- **Problem to solve**
Pictures stay out of the copy; set down each line of the listing below exactly.

- **Extracted material**

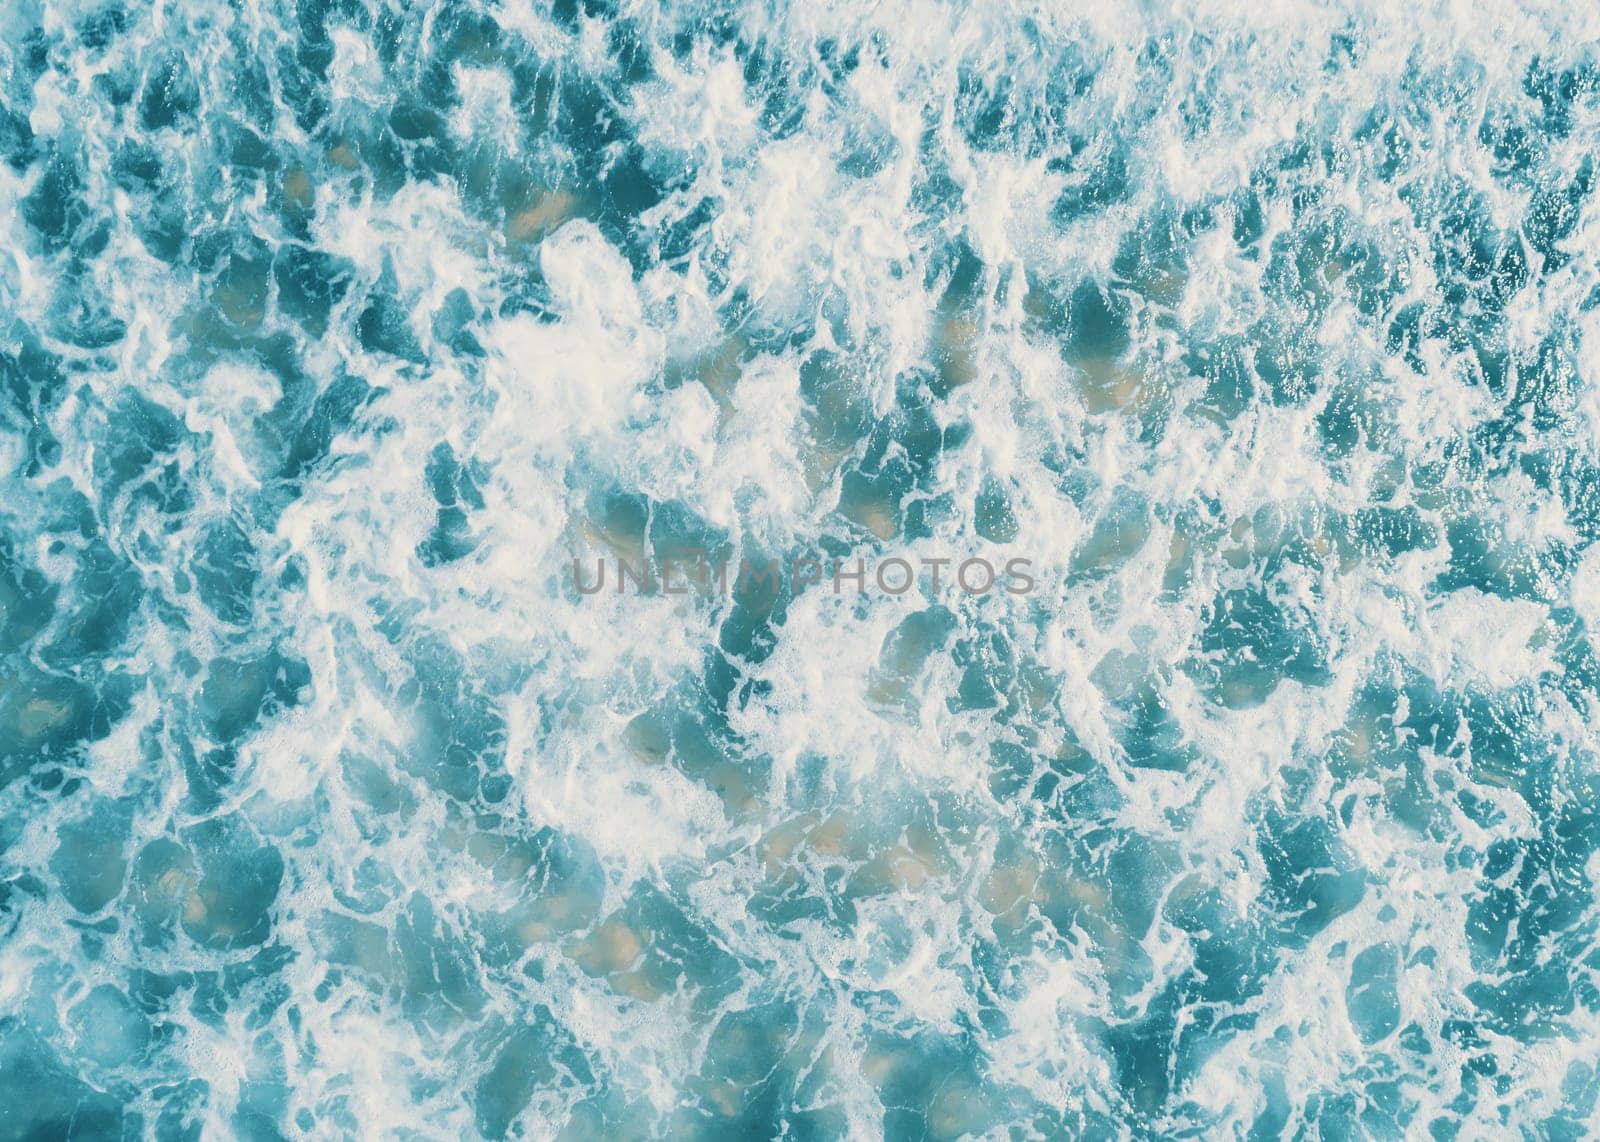 Aerial view of white foam on the surface of the blue sea.
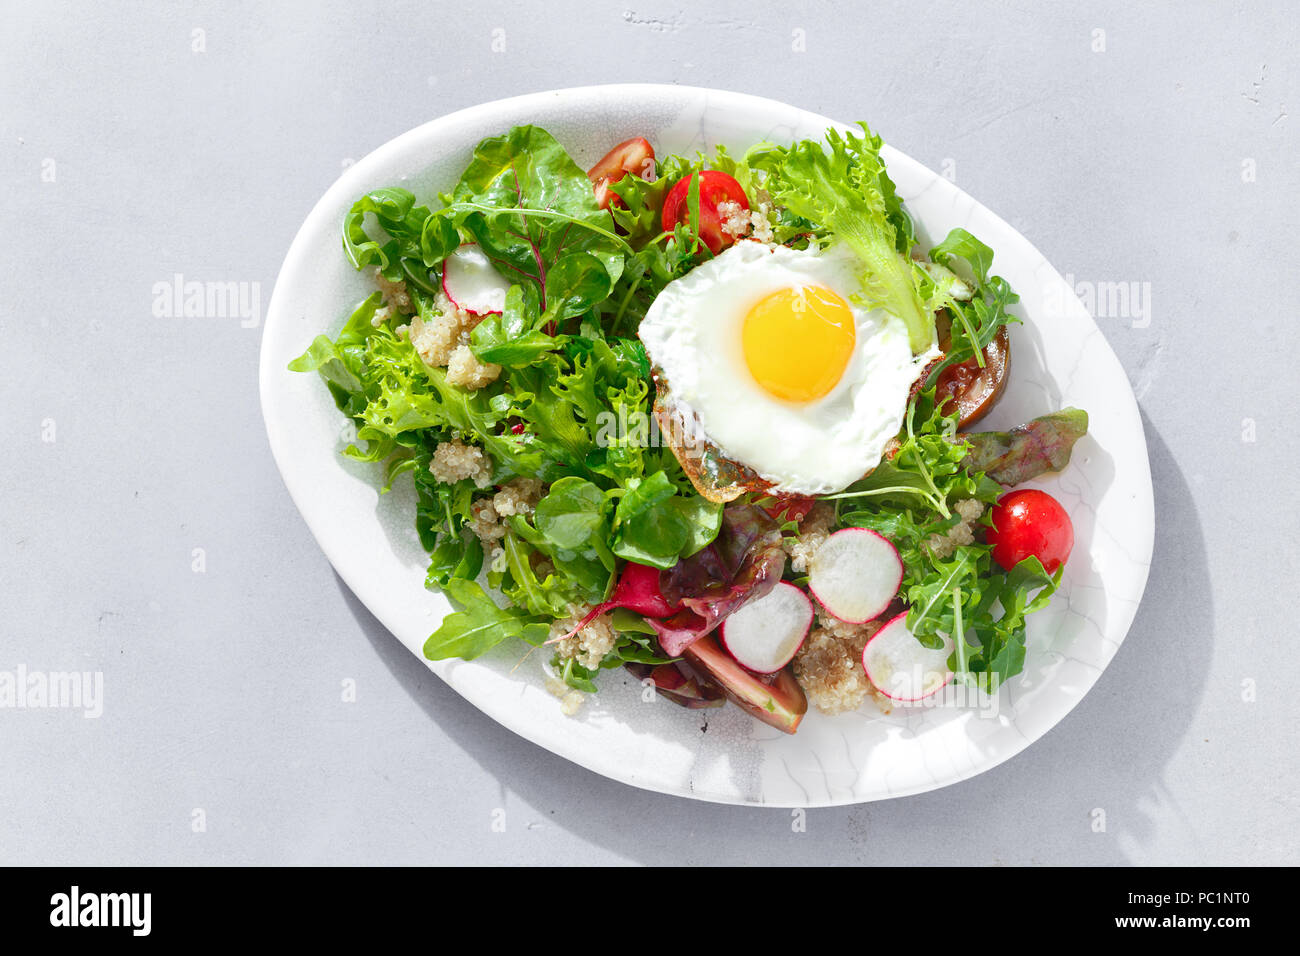 Plate fresh salad with quinoa and fried egg on gray concrete background. Healthy food clean eating Stock Photo
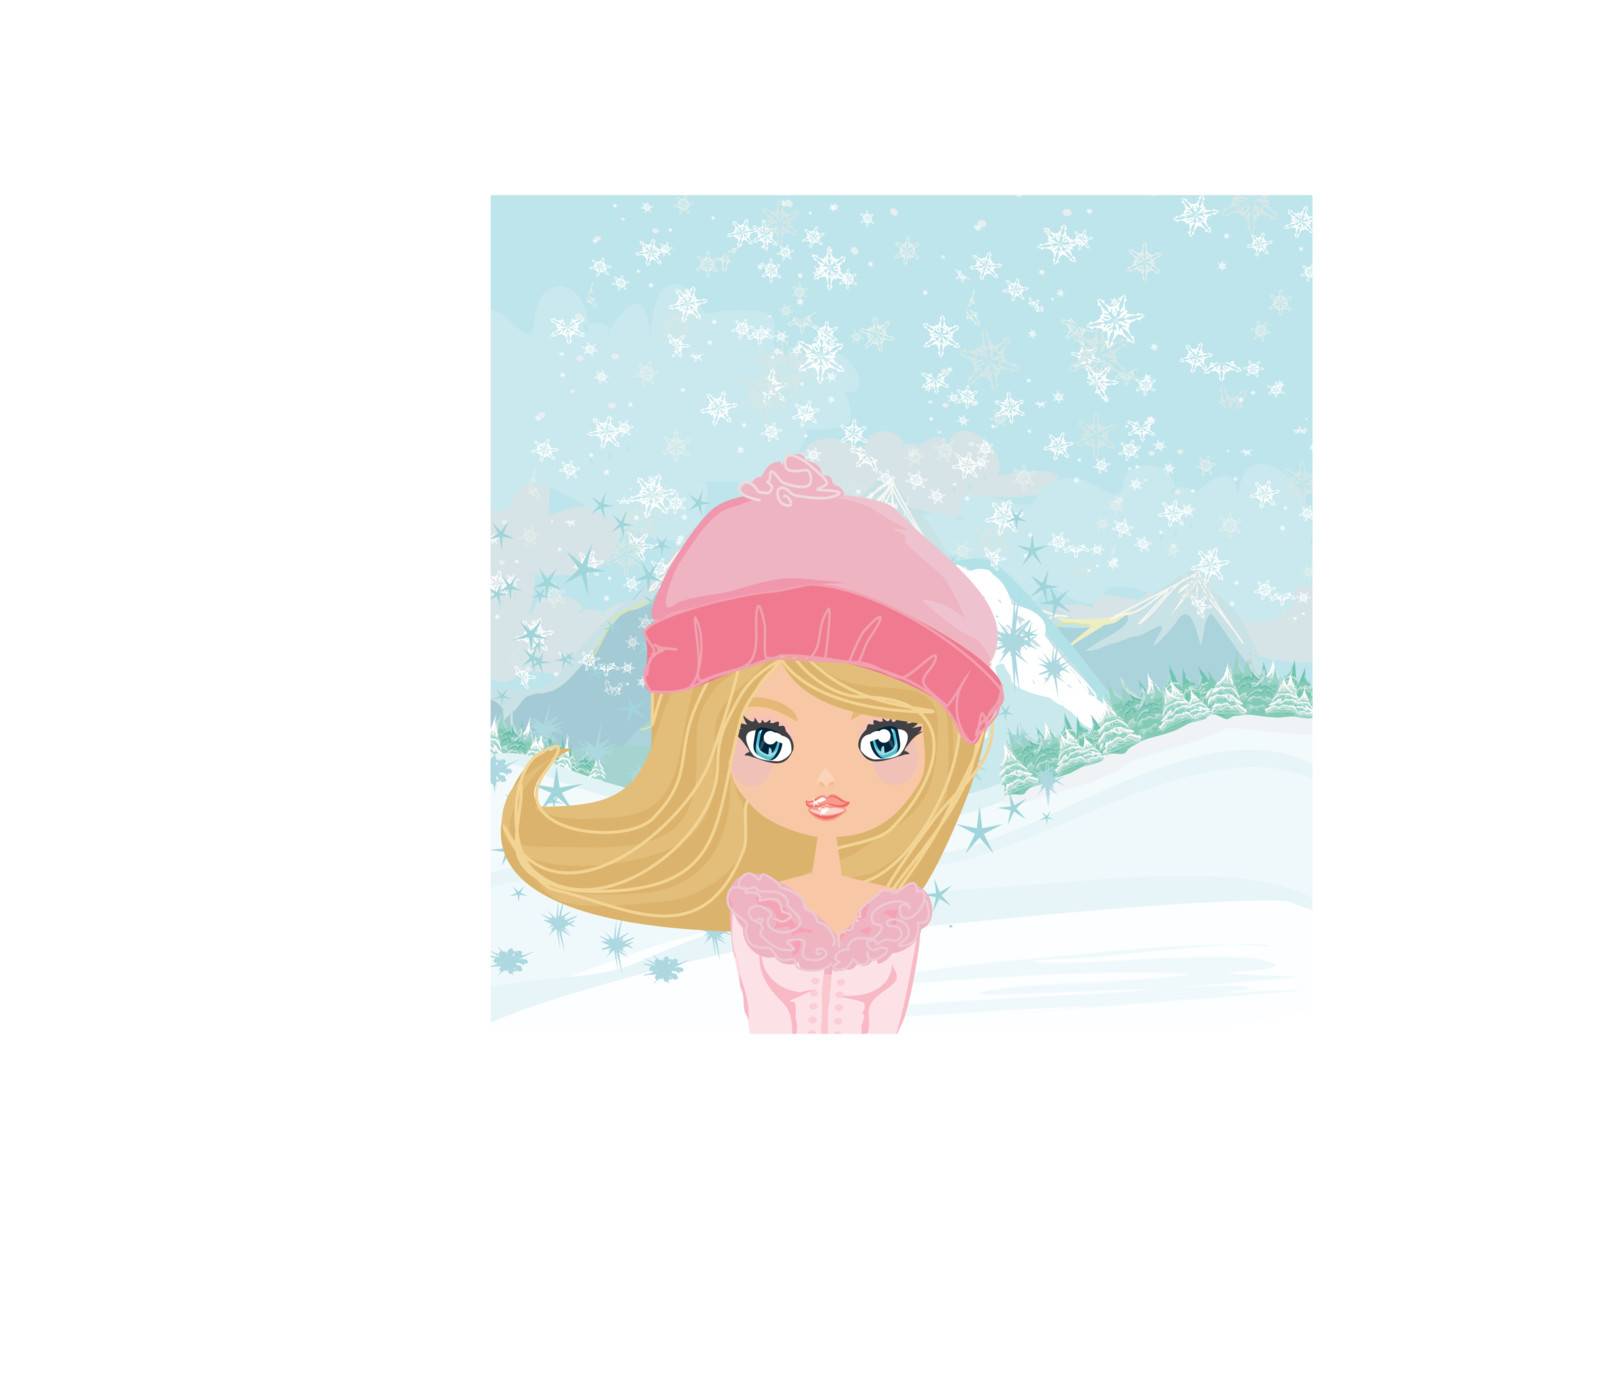 winter girl by JackyBrown
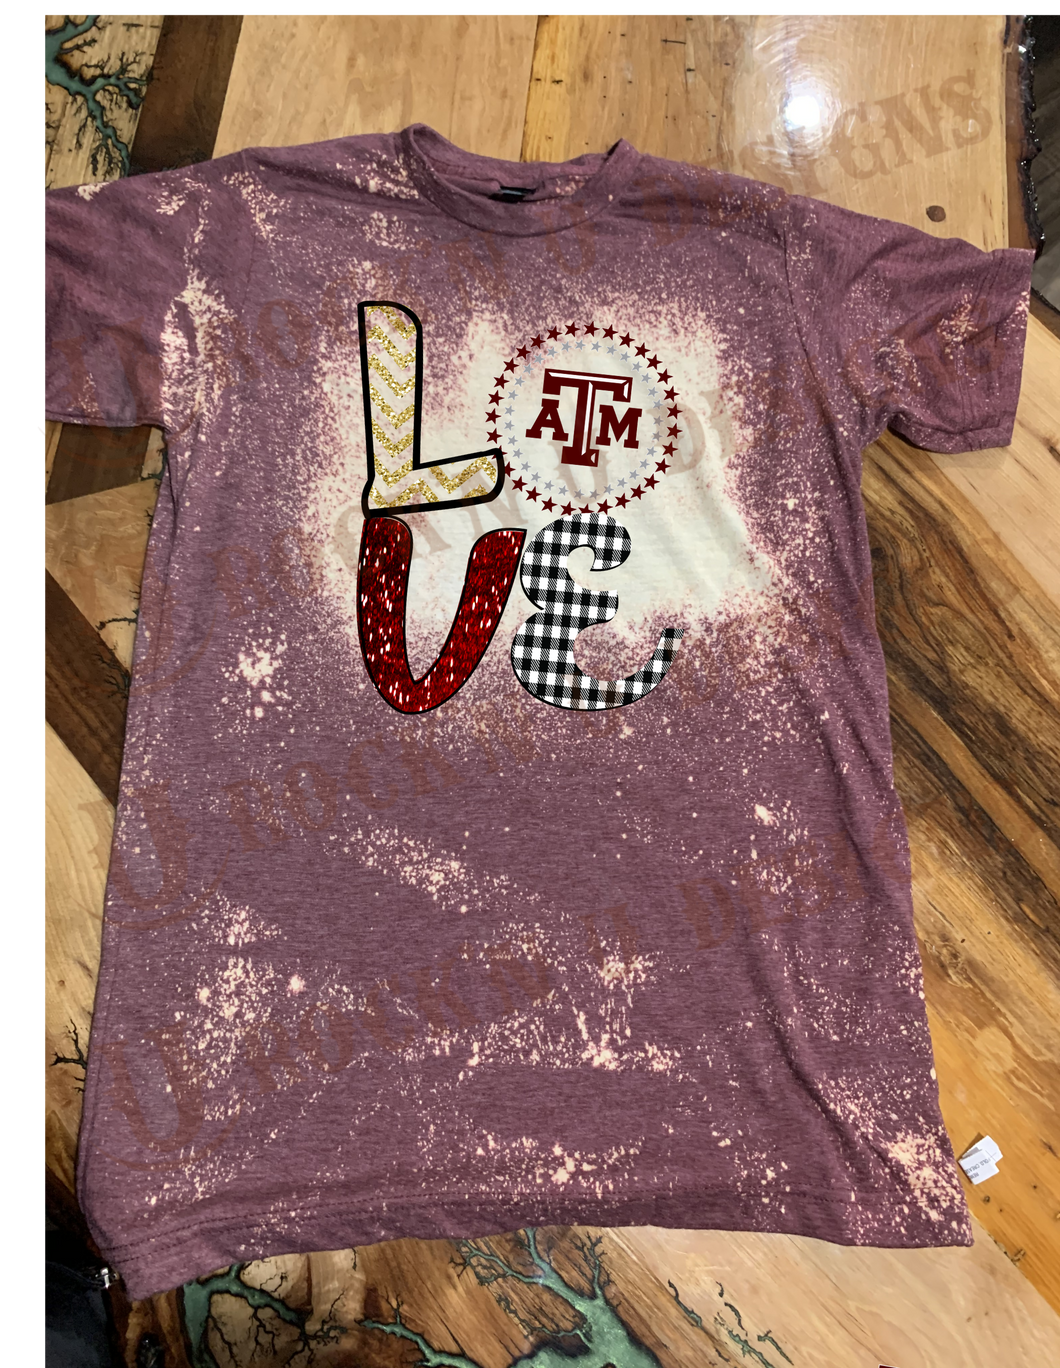 FOR THE LOVE OF A&M Bleached Custom Unisex T-shirt
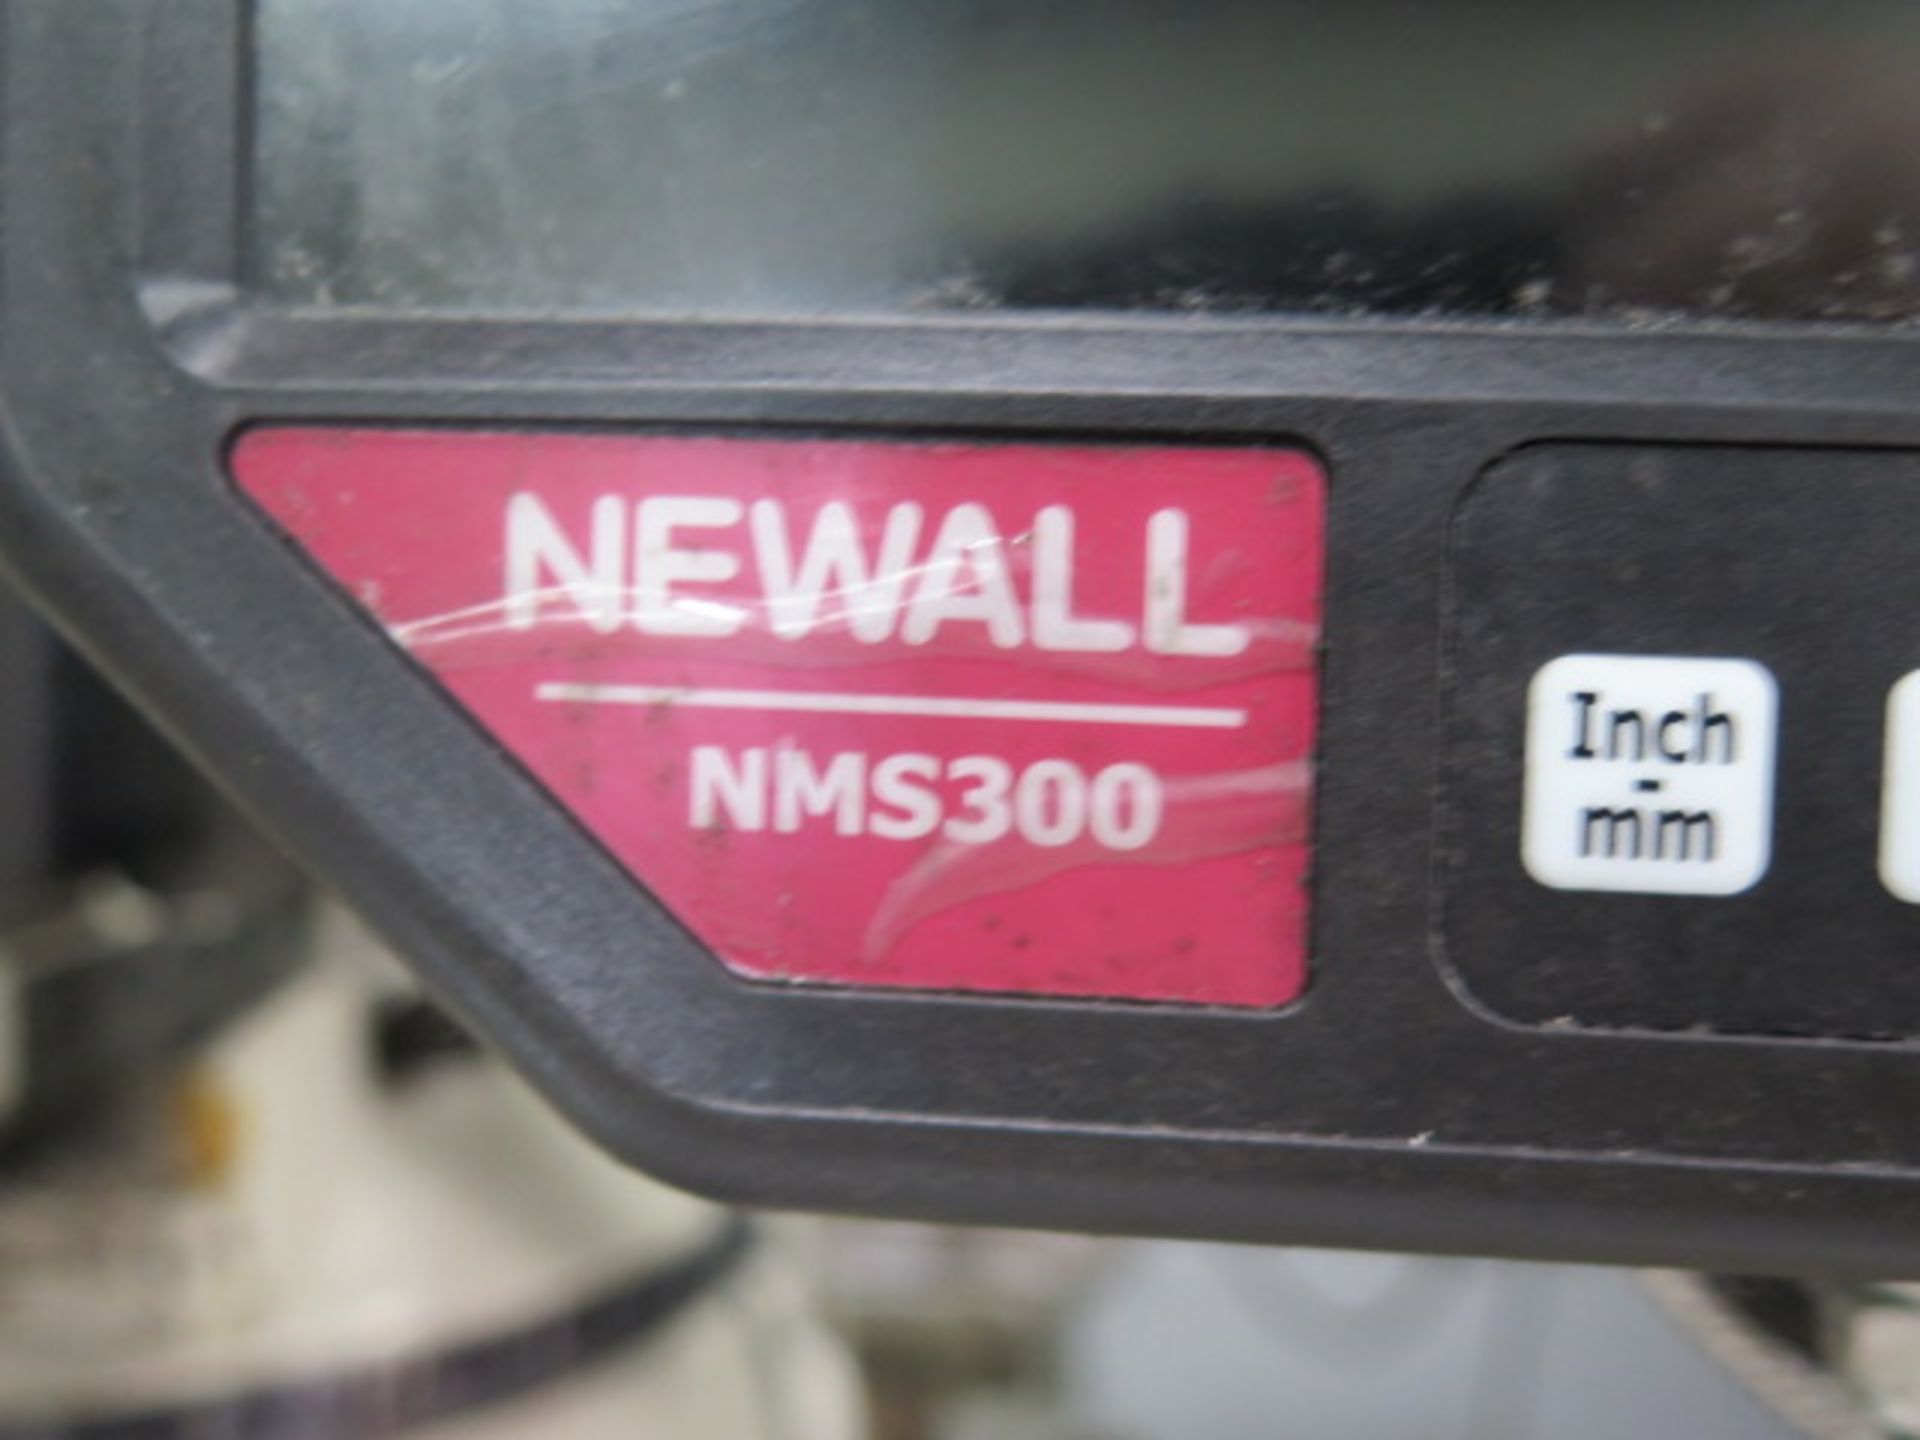 2000 Ganesh GMV-3 Vertical Mill s/n 11527 w/ Newall NMS300 3-Axis Programmable DRO, 3Hp, SOLD AS IS - Image 6 of 14

- **Your response**
 Aerial view of white foam on the surface of the blue sea.
 Plate fresh salad with quinoa and fried egg on gray concrete background. Healthy food clean eating Stock Photo
 winter girl by JackyBrown
 FOR THE LOVE OF A&M Bleached Custom Unisex T-shirt
 2000 Ganesh GMV-3 Vertical Mill s/n 11527 w/ Newall NMS300 3-Axis Programmable DRO, 3Hp, SOLD AS IS - Image 6 of 14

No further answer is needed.